El arresto del consultor argentino; junto al hallazgo de una “mini granja de bots” y vehículos oficiales en allanamientos, reabre el contraste entre discurso democrático y operaciones opacas que también obligan a fiscalizar al gobierno dominicano frente al avance de la política-espectáculo.

La detención en Bolivia del consultor argentino Fernando Cerimedo, señalado por RTVE como presunto autor intelectual de un ataque armado contra su expareja embarazada, volvió a poner bajo escrutinio un modelo de operación política que combina influencia digital, automatización y estructuras de propaganda. Cerimedo fue arrestado en el aeropuerto de Viru Viru, en Santa Cruz, cuando, según las autoridades, intentaba salir del país rumbo a Argentina.

El caso tomó mayor dimensión después de que, en los operativos posteriores, agentes localizaran una “mini granja de bots” en funcionamiento y vehículos oficiales presuntamente asignados a la administración pública boliviana. Esos hallazgos refuerzan la línea de investigación sobre posibles esquemas coordinados y eventuales tramas de corrupción, y colocan el foco en la necesidad de controles institucionales más estrictos ante la mezcla entre aparato público, propaganda y operaciones de influencia.
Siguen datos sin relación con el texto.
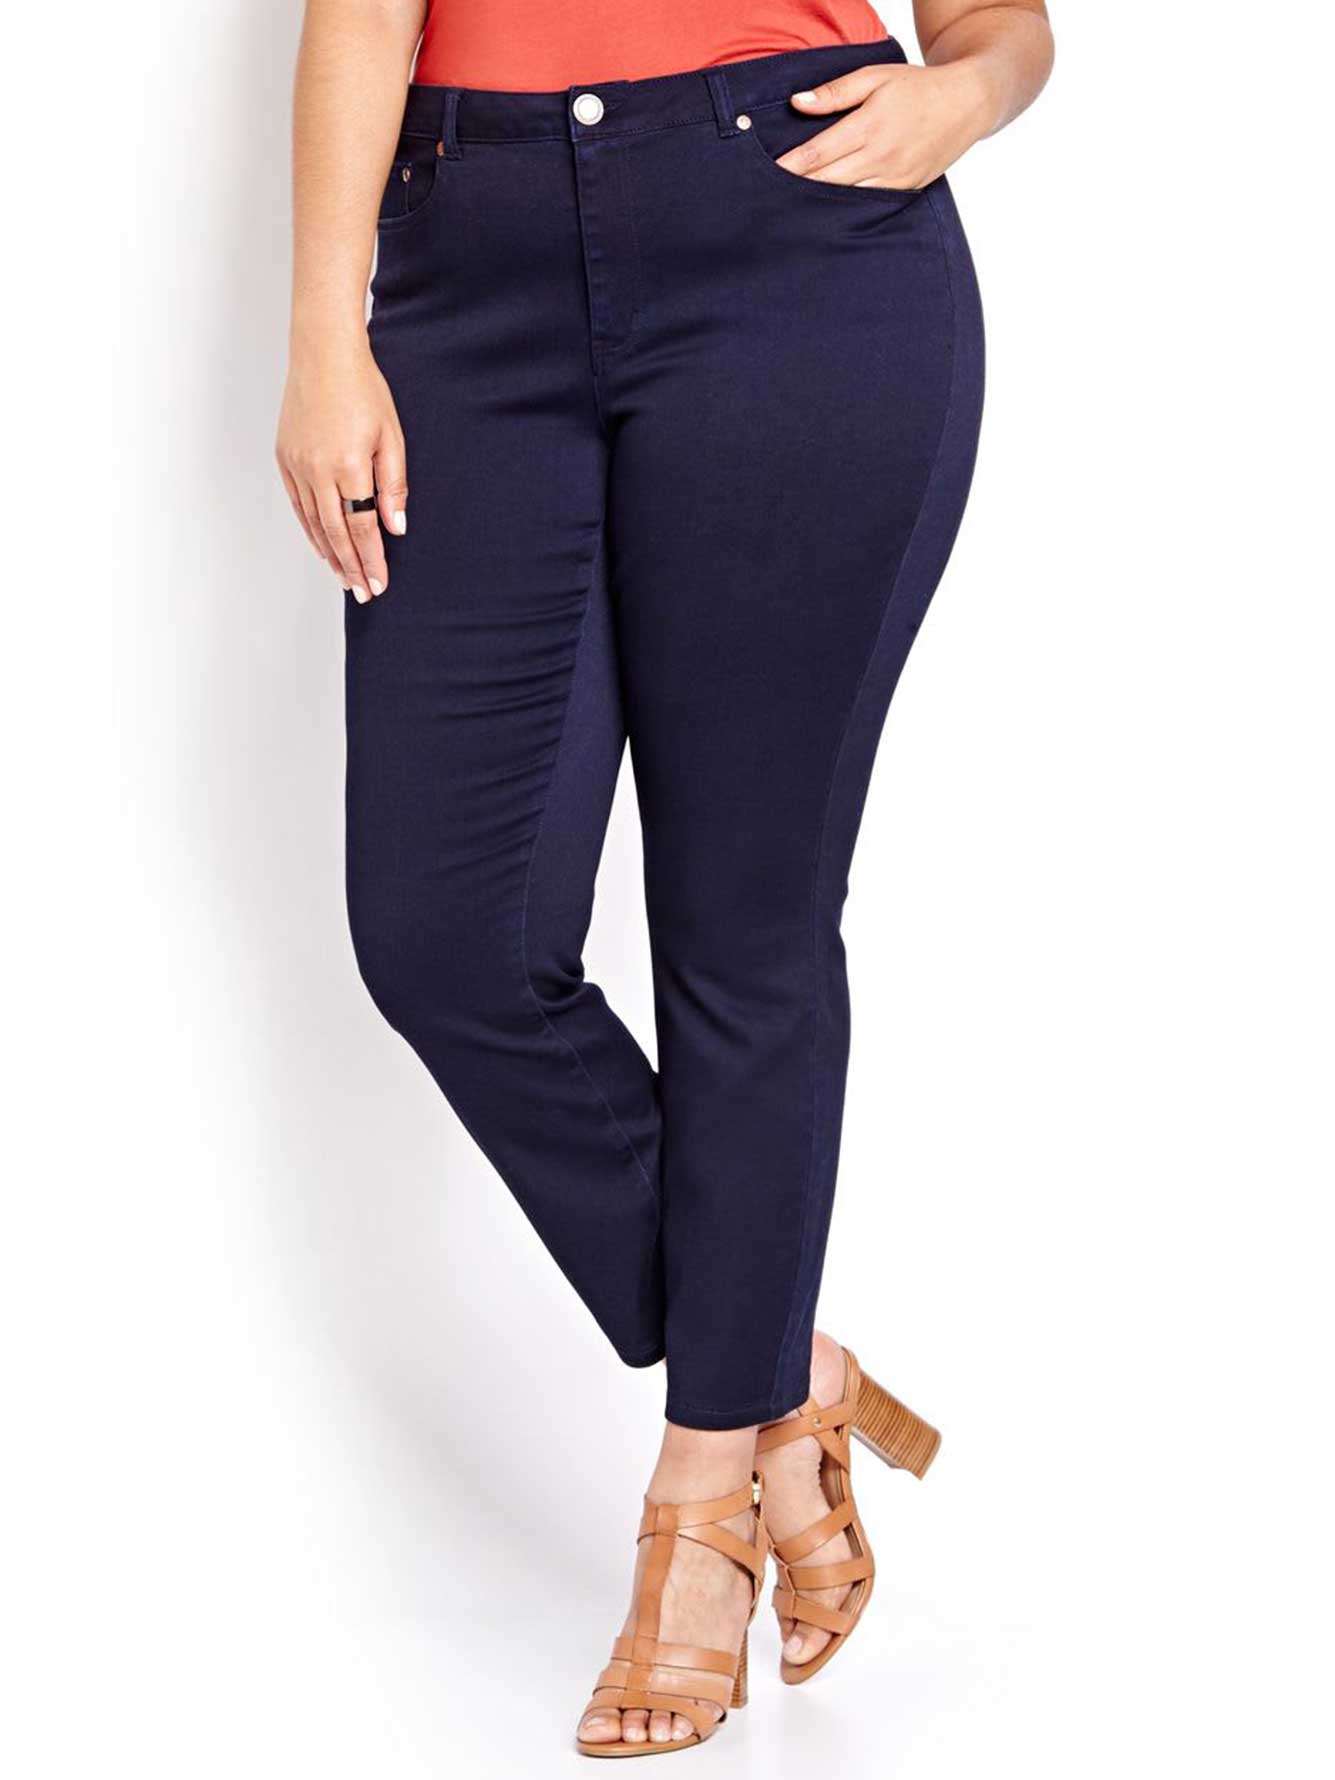 L&L Super Soft Skinny Jeans | Addition Elle

RTVE sitúa además a Cerimedo dentro de una red regional articulada desde su agencia Numen Publicidad y el portal La Derecha Diario, con conexiones políticas y mediáticas que apuntan al entorno de Estados Unidos, particularmente en Miami, y referencias al ecosistema de Brad Parscale.

En ese contexto, el episodio trasciende Bolivia: también funciona como advertencia para el gobierno dominicano y para cualquier proyecto que pretenda sustituir institucionalidad por viralidad, porque el contraste entre discurso y realidad vuelve a mostrar que la comunicación digital sin rendición de cuentas puede derivar en opacidad, manipulación y desgaste de la vida pública.